Related to this, Esperanto fights linguistic hegemony.

Languages have historically been connected to countries and empires. When a political entity dominated a place, it also imposed its language. In this way it imposed its culture, its way of thinking, and its identity.

I believe that languages have an inherent beauty and value, as do the cultures, ways of thinking, and identities they are connected to. I believe that killing a language is a terrible thing to do. And let’s be clear, languages do not “naturally” die out.

Still, I do see the value in having an auxiliary language. I lived in Spain for 9 years, and being able to speak Spanish in the Basque Country and Catalonia was incredibly helpful for me. It would seem that Spanish hegemony helped me. And in a way that is true, but I believe that there are solutions to the problem of intercommunication between cultures that do not involve violence as the imposition of Spanish did.

Instead of using Spanish to communicate between different cultures in the Iberian Peninsula, let us use Esperanto. Suddenly, there would be no imbalance of power privileging those living in central and southern Spain. Everyone would spend the same amount of time learning the auxiliary language (and less time would be spent overall), and no-one’s culture would be erased.

In the UK, we have the same issue with Welsh, Gaelic, Cornish, Manx, and Scots. In France, there is Basque, Breton and Occitan. In the USA there are all the different native languages that were repressed through European colonisation. And so on. In all these cases, the use of Esperanto could prevent the privileging of the dominant language, and in turn reduce the violence perpetrated against the minority languages and their respective peoples and cultures. These smaller cultures could be restored to their previous dignity, valued as an equal part of the region they are in.

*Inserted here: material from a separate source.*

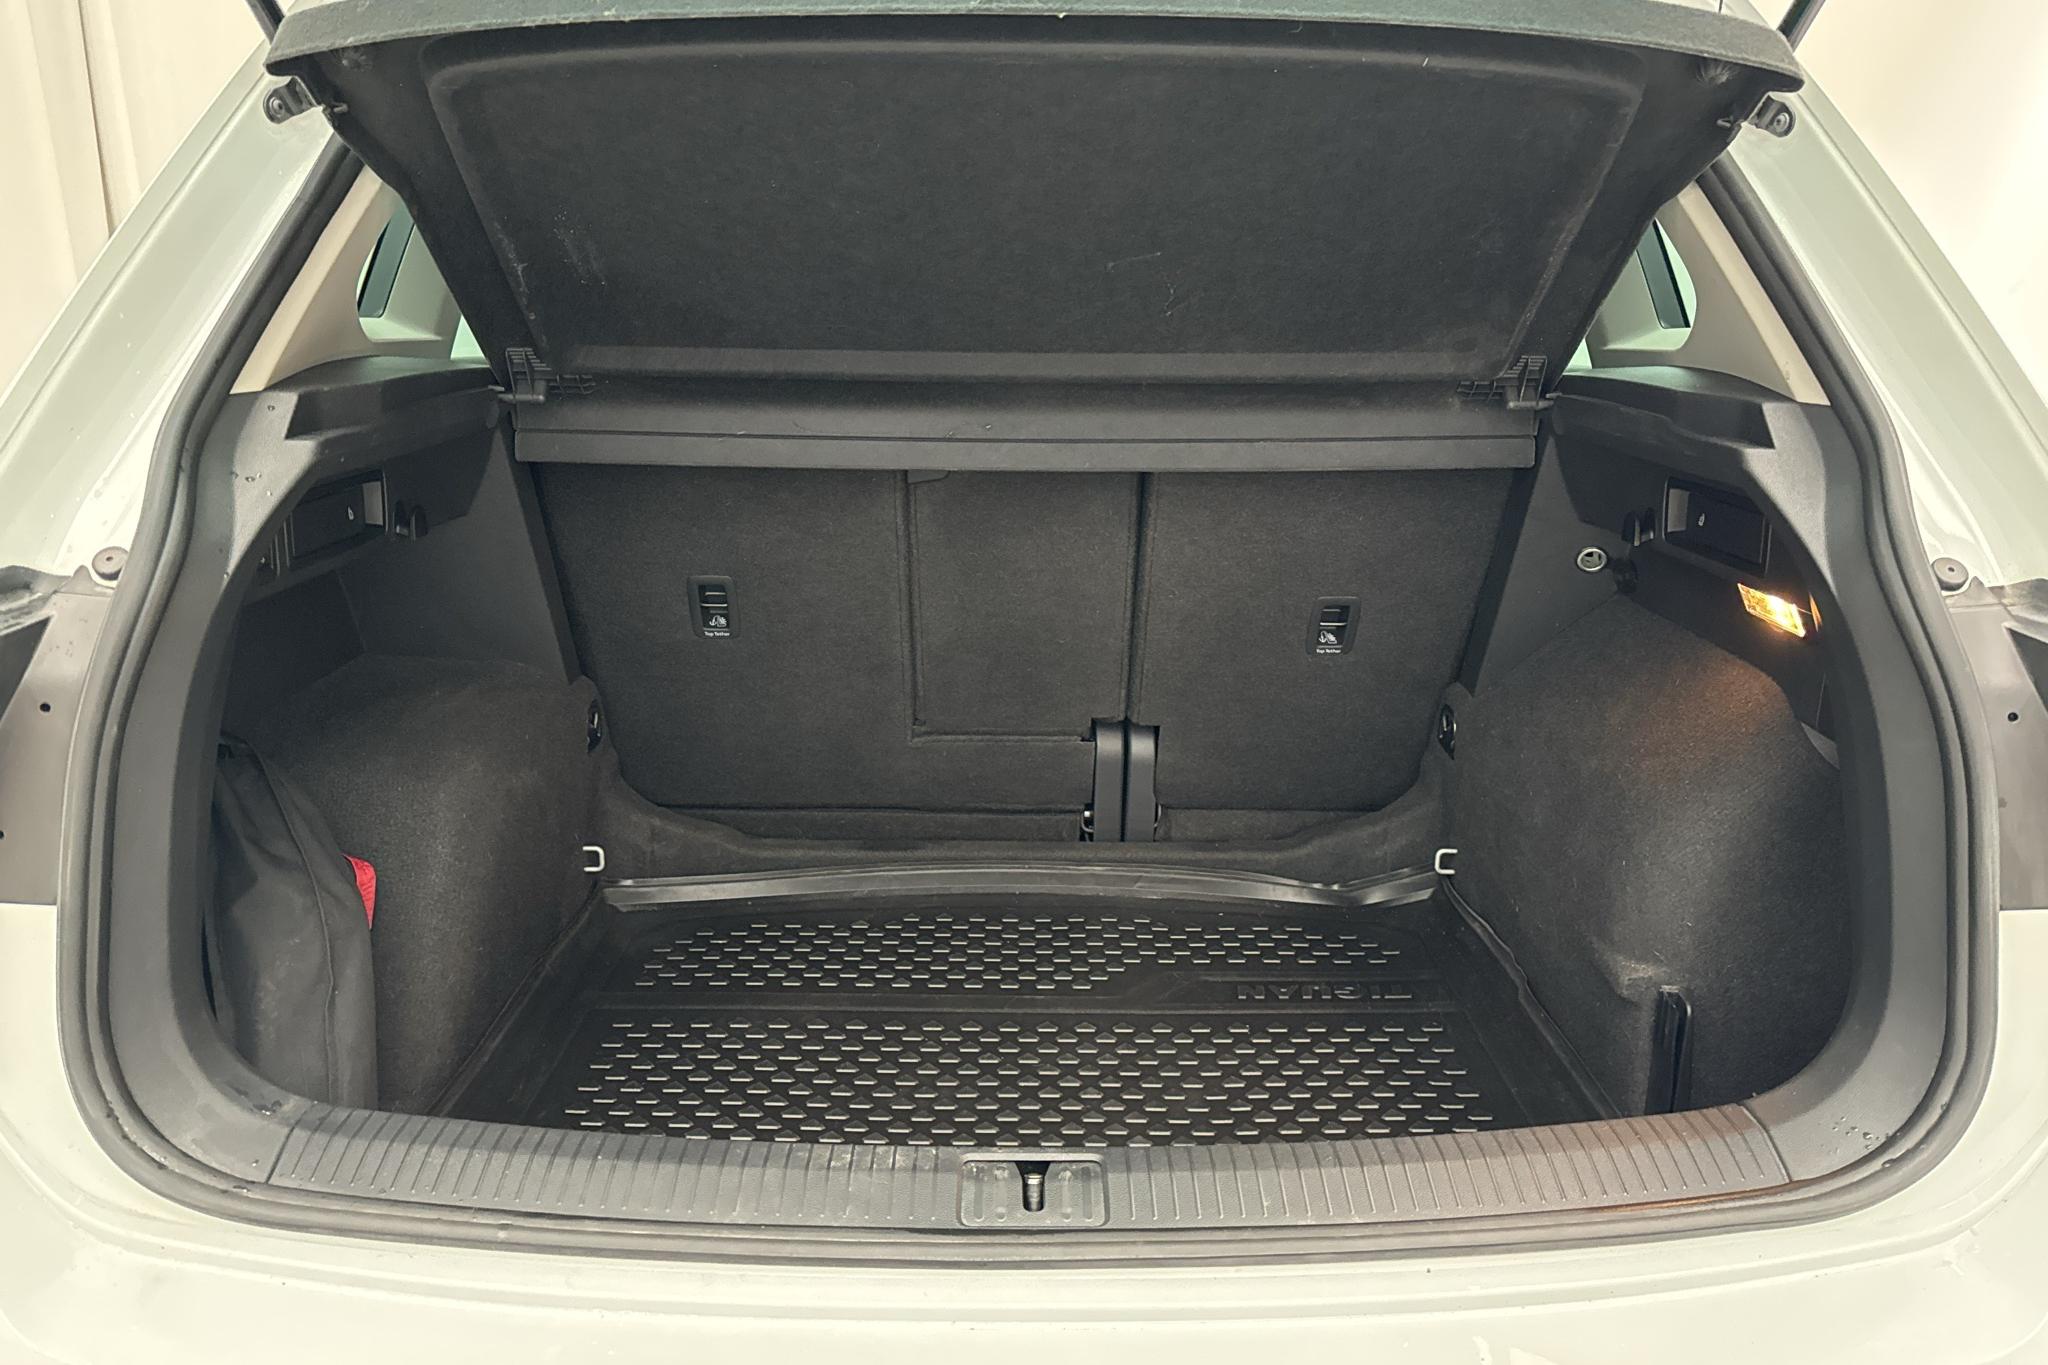 VW Tiguan 2.0 TDI 4MOTION (150hk) - 8 883 mil - Automat - vit - 2021

I have thought about this in relation to the relatively recent emergence of Europe as a political entity. While I am critical of all political entities, I believe in Europe, because it emerged after the Second World War basically as a way of preventing conflict between the cultures, and it has slowly moved towards greater integration and equality within its boundaries (e.g. allowing people from some poorer countries to migrate freely to richer countries, much to the chagrin of tabloid newspapers).

A single language would be a powerful unifying force for Europe. However, seeing as Europe grew in unity not through domination but through a voluntary act made by each participating country, there is no way we could impose a single language on it as conquering powers would. Whatever language from Europe we choose to be the main European language, those who speak every other language will reject it – and rightly so, as they will perceive they are being made subordinate.

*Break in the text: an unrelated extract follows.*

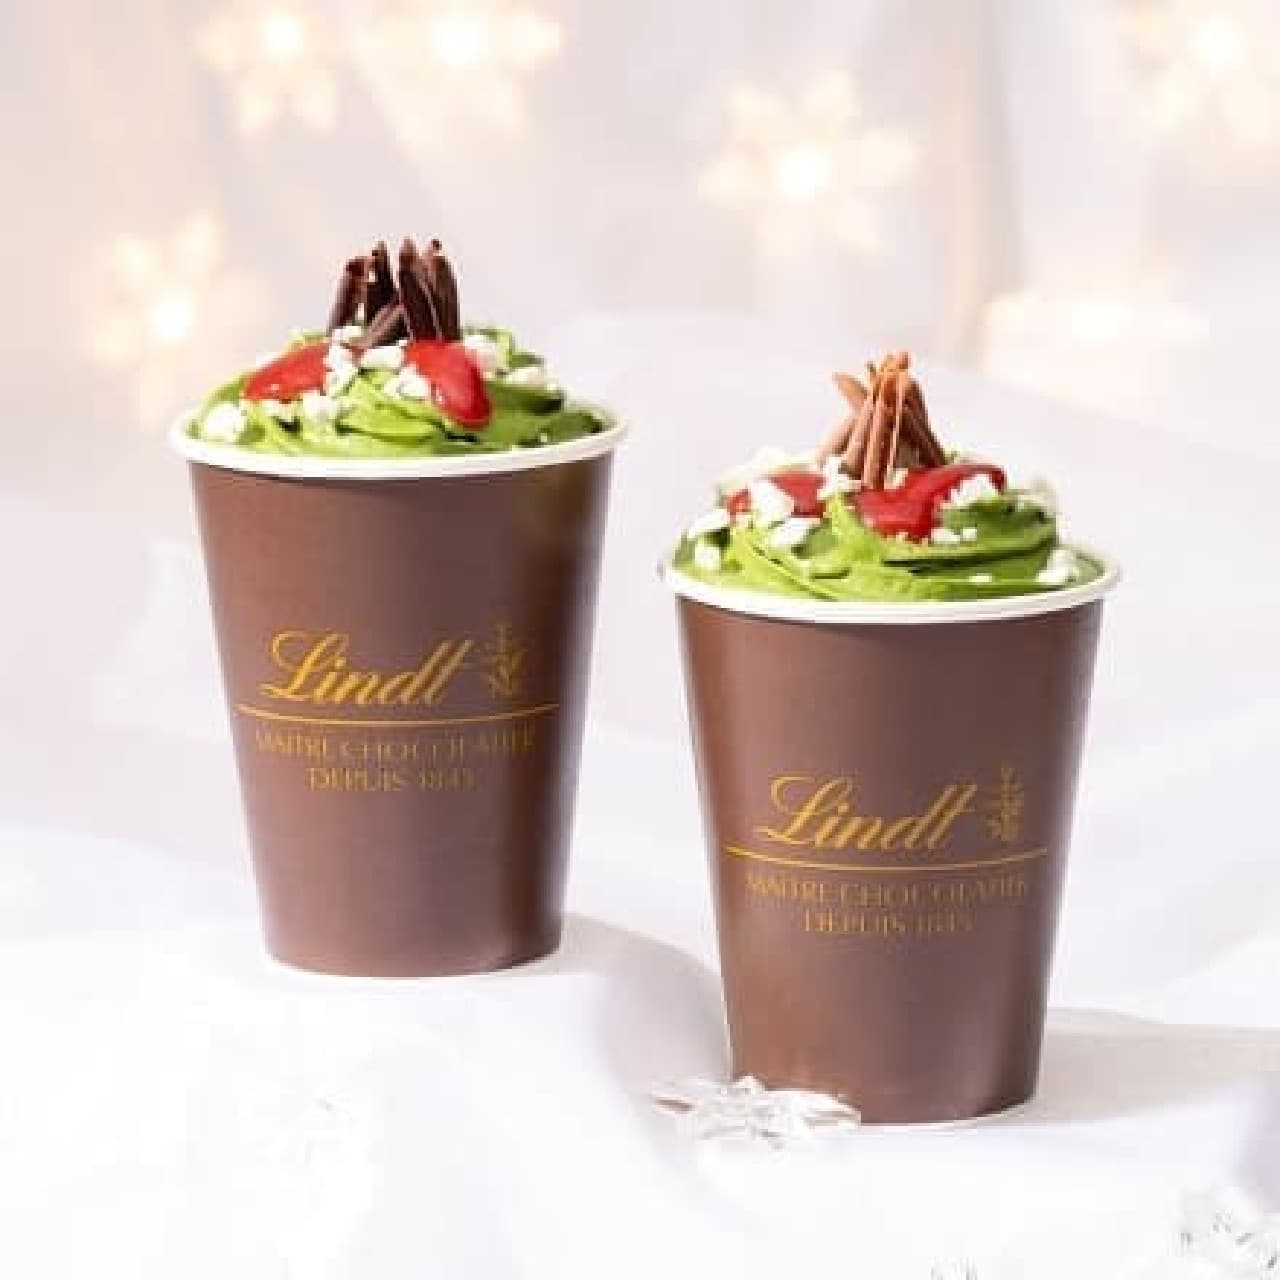 Linz Chocolat Cafe "Lintz Matcha Hot Chocolate Drink"

If we used Esperanto, we could create a unity in Europe without imposing a cultural hegemony. I believe something like Esperanto is the only way we could solve this problem, if we ever have a mind to.

Language Justice In Relation To Poverty

Finally, Esperanto reduces power imbalances by redistributing how resources are spent.

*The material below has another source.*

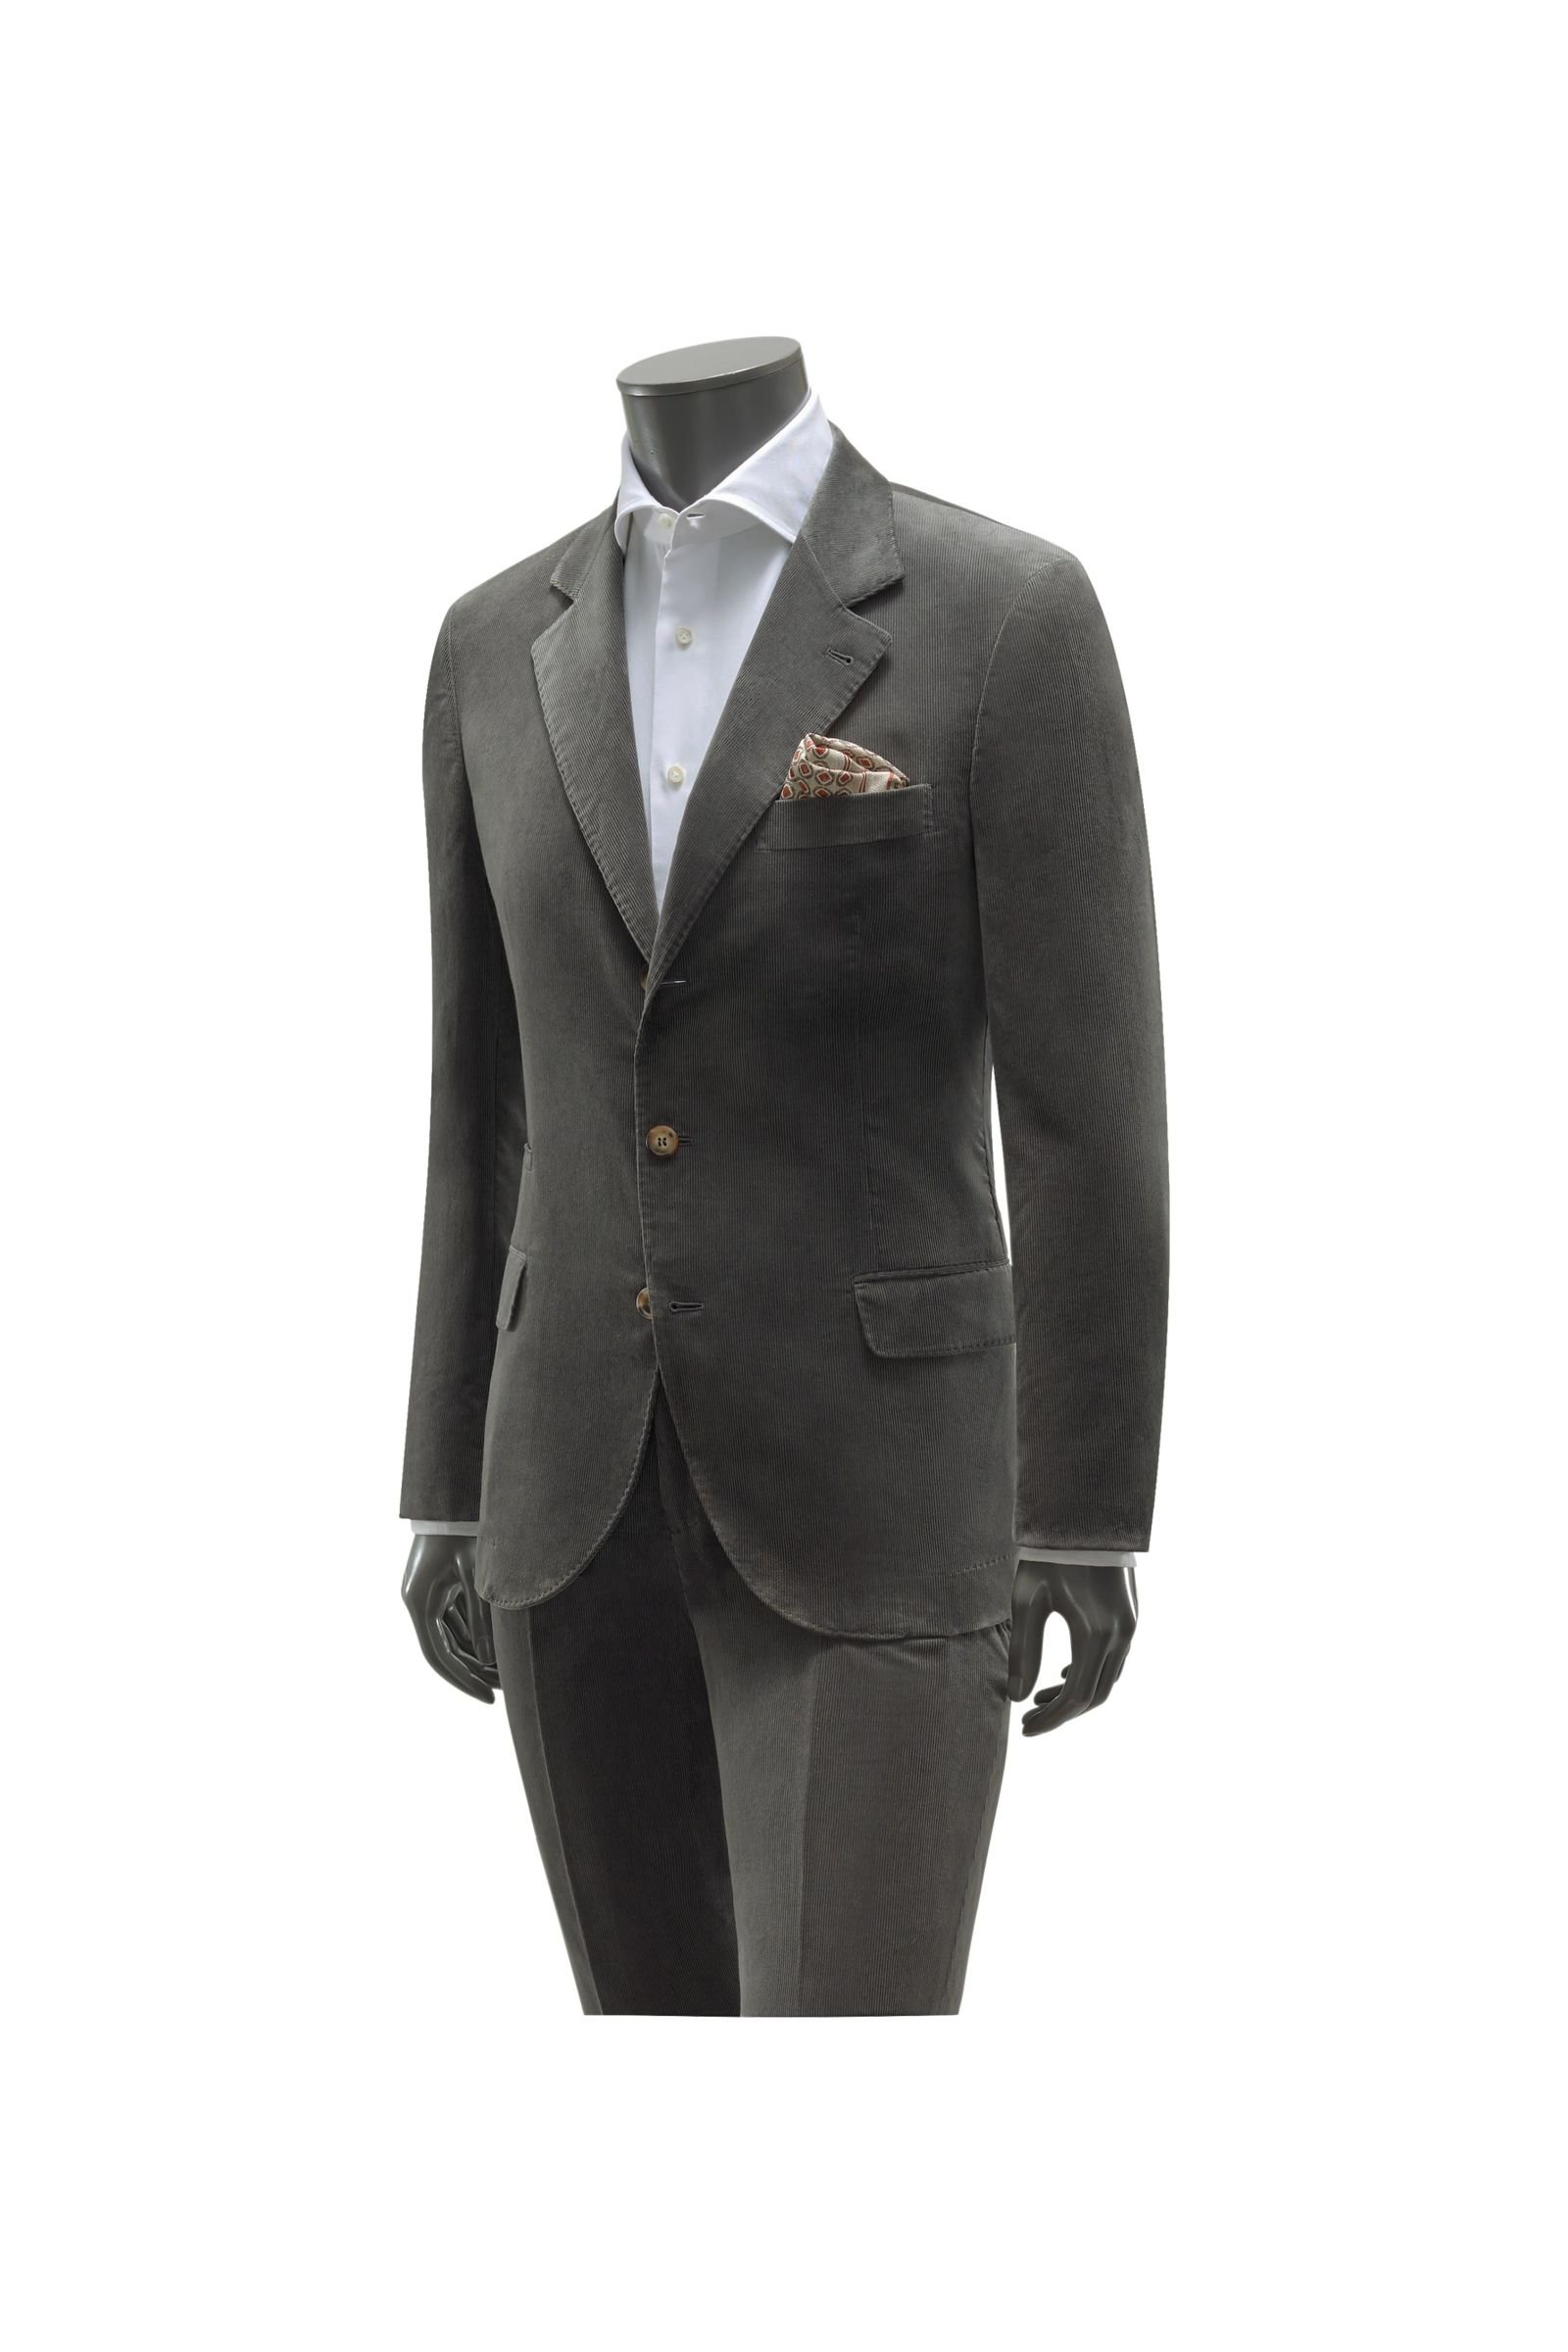 Corduroy suit grey-brown

In this case, I’m talking about the time, energy and money that needs to be spent on learning English as a second language. These resources are often interchangeable; those who struggle most to get adequate money are usually those with the least time and energy to spare.

Naturally, those who speak English as a native language never have to spend time, energy or money on learning English as a second language. Many learn second languages anyway, but they rarely have the same economic incentive to do so. For some in non-English speaking countries, knowing English can be a way out of poverty, and the need to learn English can be a force that keeps them in poverty.

Poverty means having less time, energy and money – things that would allow someone to learn English as a second language. This means that those who would be brought out of poverty by knowing an auxiliary language are instead kept in it, as they don’t have the resources. This is not justice.

Besides this, knowing the auxiliary language of the world gives us access to so much information and culture which enriches our life in ways beyond just the economic. It is a privilege that is currently not afforded to much of the world’s poor.

Esperanto would level the playing field by making native English speakers spend the same resources in learning the auxiliary language.

It would also mean that people spend a lot less energy overall on learning languages. Studies show that Esperanto can be learnt approximately ten times faster than equivalent natural languages. Think about this for a moment. Thousands, billions of hours would be saved worldwide if we switched from English to Esperanto. What’s more, this would have its greatest positive impact on the most impoverished of us. Those who were too poor to learn the auxiliary language would suddenly be able to learn it; and those who spent much of their limited resources on learning would suddenly find themselves with much more resources to spare. More, and poorer, people would be able to benefit from the auxiliary language.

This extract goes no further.